Taken to the Cleaners: A Case Study of the Overregulation of American Small Business

December 22, 1993 • Policy Analysis No. 200
By Jonathan H. Adler

In today’s regulatory environment, it is becoming increasingly difficult to maintain a small business; it is even more difficult to start one. The plight of local dry cleaners is indicative of that trend. Opening a new dry‐​cleaning shop can require filling out and complying with 100 forms and manuals. Environmental and other regulation can increase start‐​up costs as much as $138,700 and impose burdensome permitting and reporting requirements. The experience of the dry‐​cleaning industry with government regulation is indicative of the general concerns faced by today’s small business owners and entrepreneurs. Because of the important role of small businesses and entrepreneurship in the creation of jobs and economic opportunity, the present trend should be of great concern to policymakers.

Many of the regulations affecting dry cleaners were promulgated to control the use of perchloroethylene (perc), the dominant dry‐​cleaning solvent in use today.

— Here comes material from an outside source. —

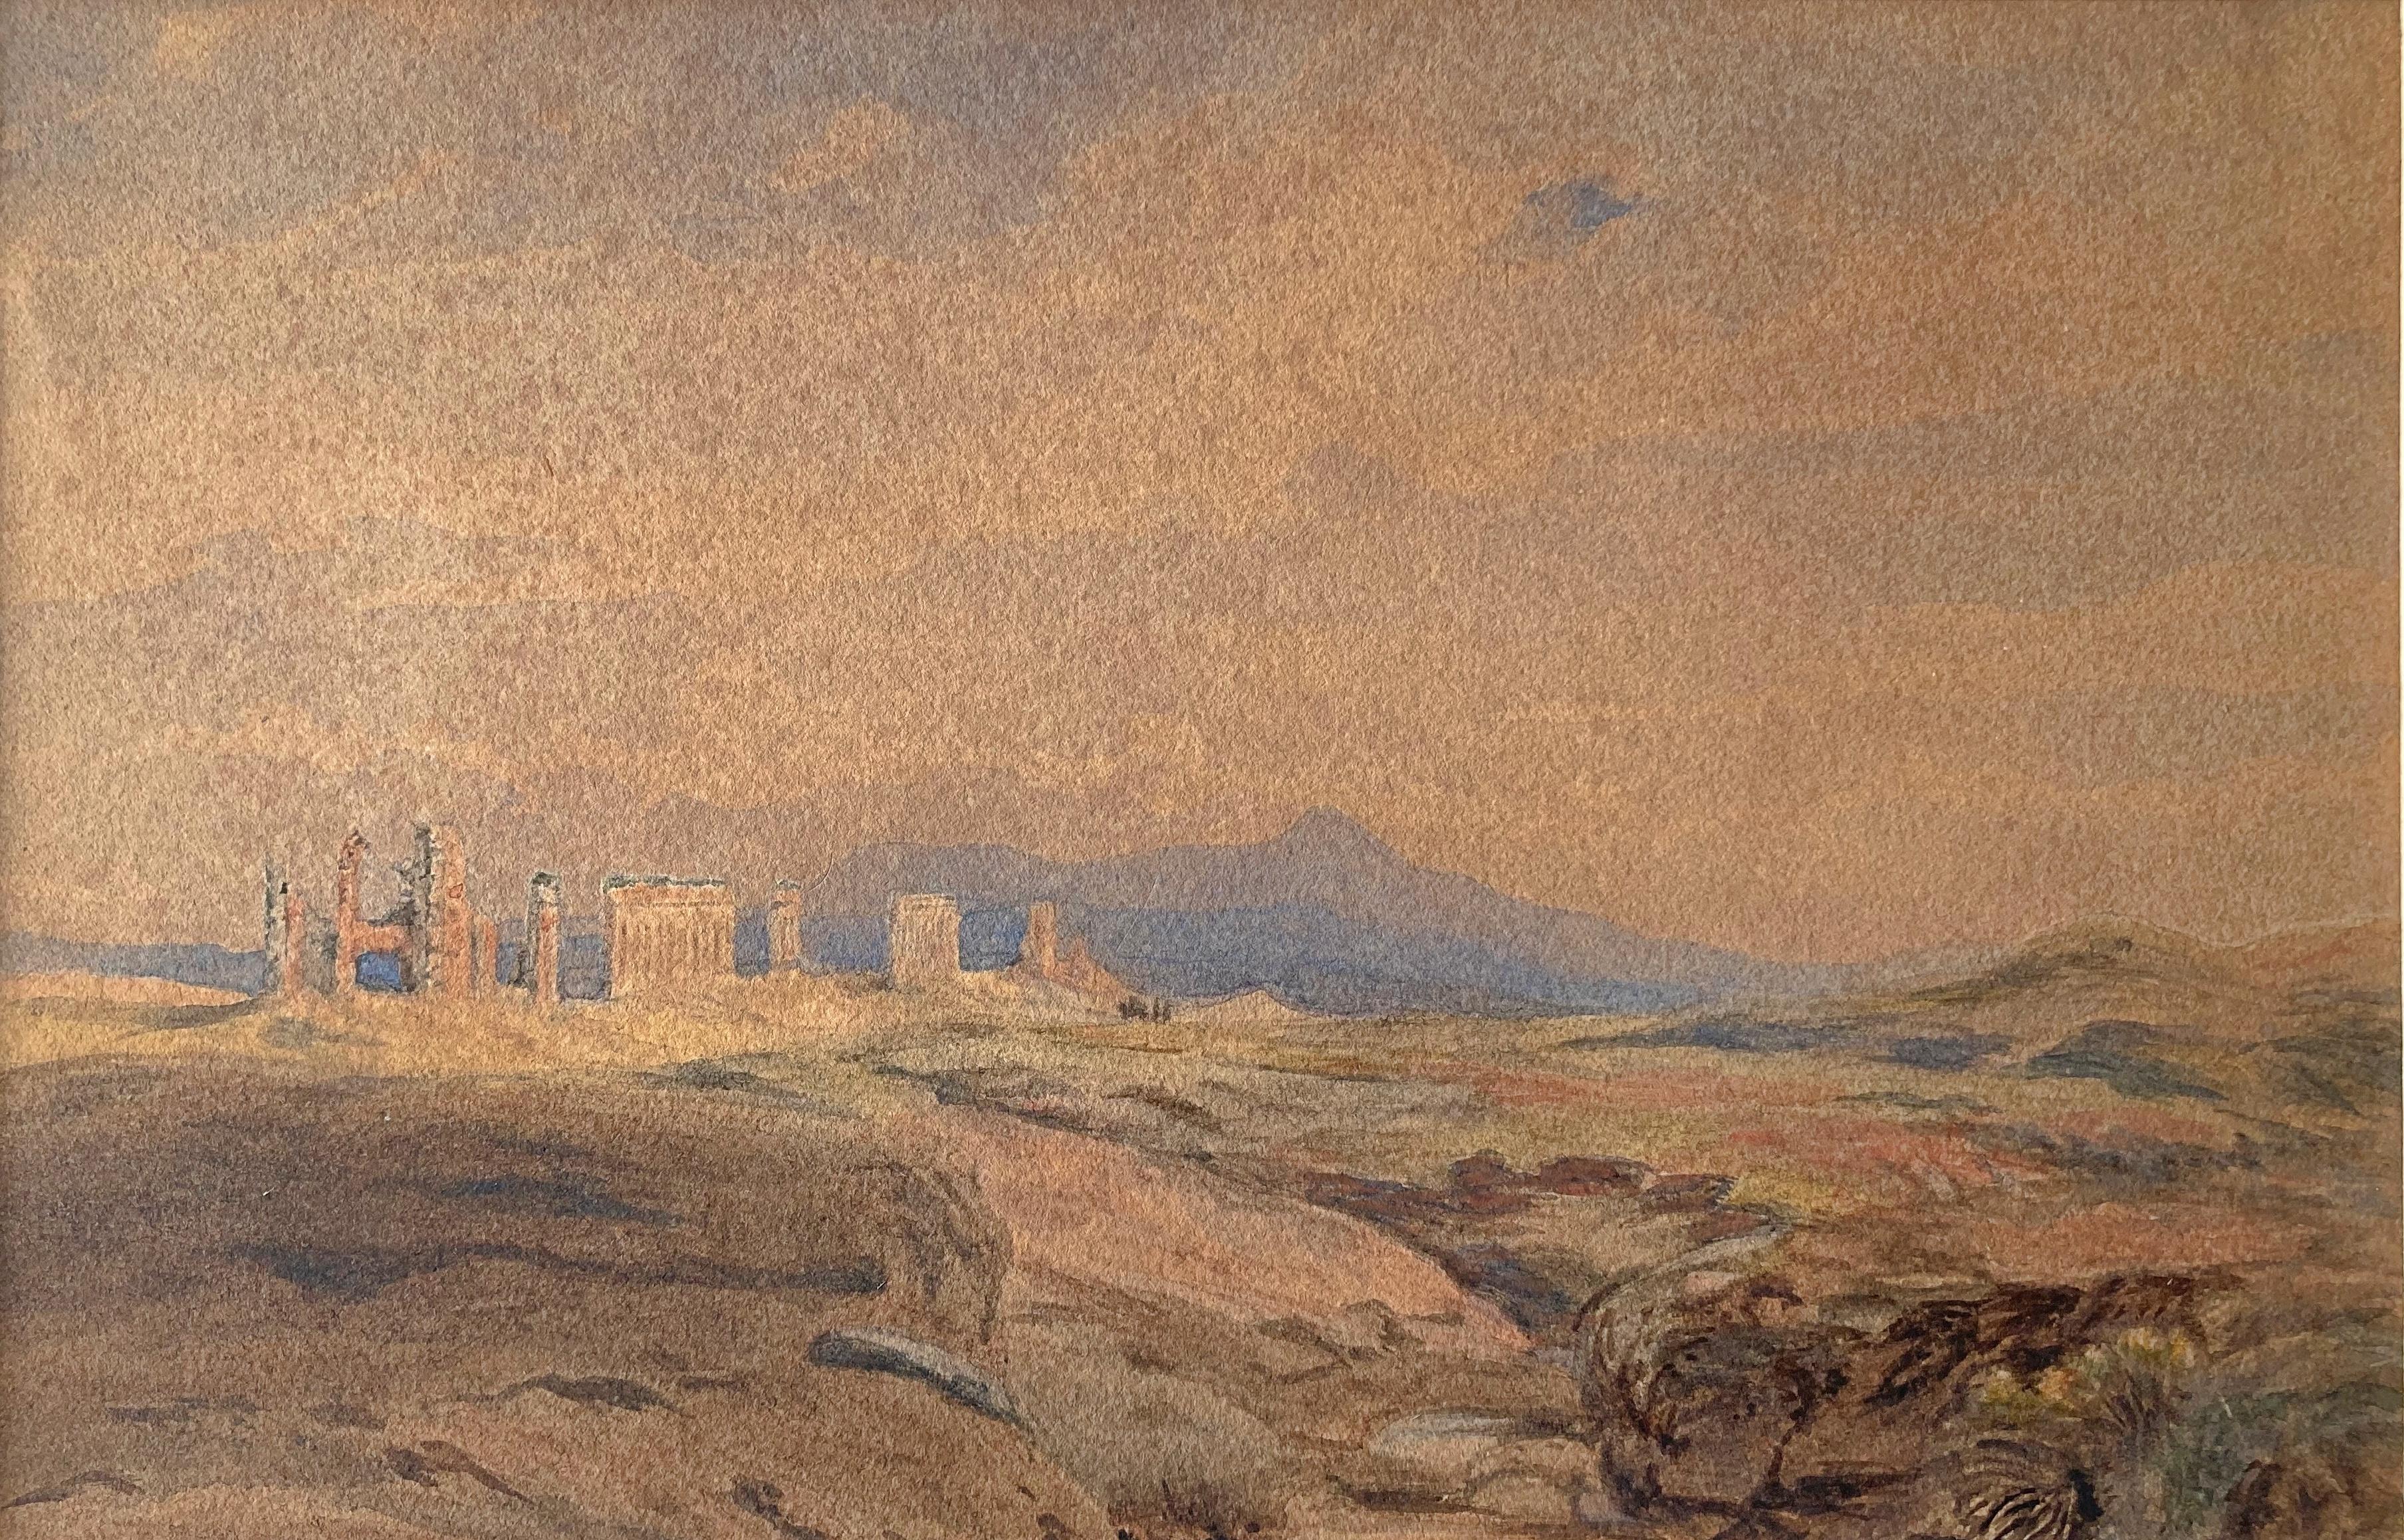 Die meisten Darstellungen der künstlerischen Leistungen von Edward Lear (1812-1888) gehen davon aus, dass er eher als Verfasser von Nonsens-Versen bekannt ist als als topografischer Zeichner und Maler. Seine Kunst wird dann weitgehend isoliert

Regulations cover workplace exposure to perc as well as its potential release to the air. When perc residues are discarded, they must be handled as hazardous wastes. Many of the regulations impose significant costs for minimal benefits.

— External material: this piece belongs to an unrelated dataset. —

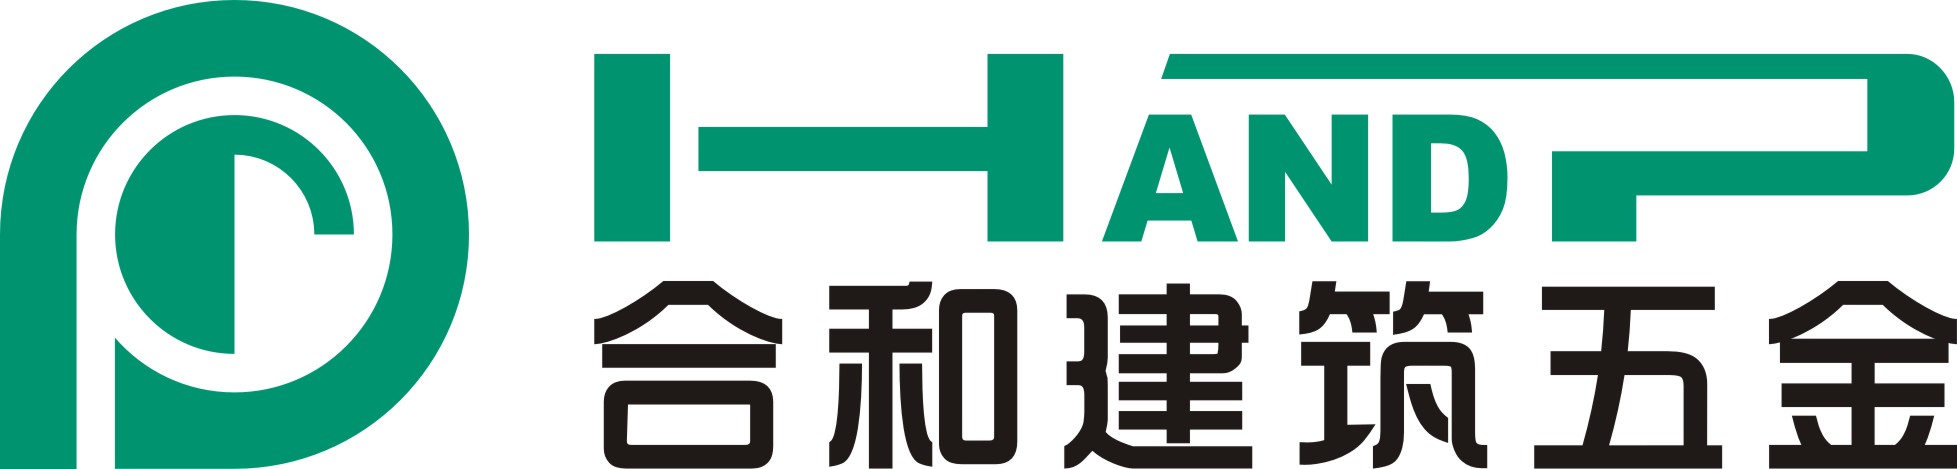 合和公司logo

In addition, dry cleaners must comply with a raft of occupational health and safety regulations, including regulations governing potential exposure to HIV and other blood‐​borne pathogens. Dry cleaners also face the specter of sudden inspection by regulatory agents. Today many dry cleaners are also finding themselves liable for the multi‐​million‐ dollar costs of cleaning up groundwater contamination that they may not have caused. The net effect of many of the regulatory requirements is that more dry cleaners close their doors and fewer are established to take their place.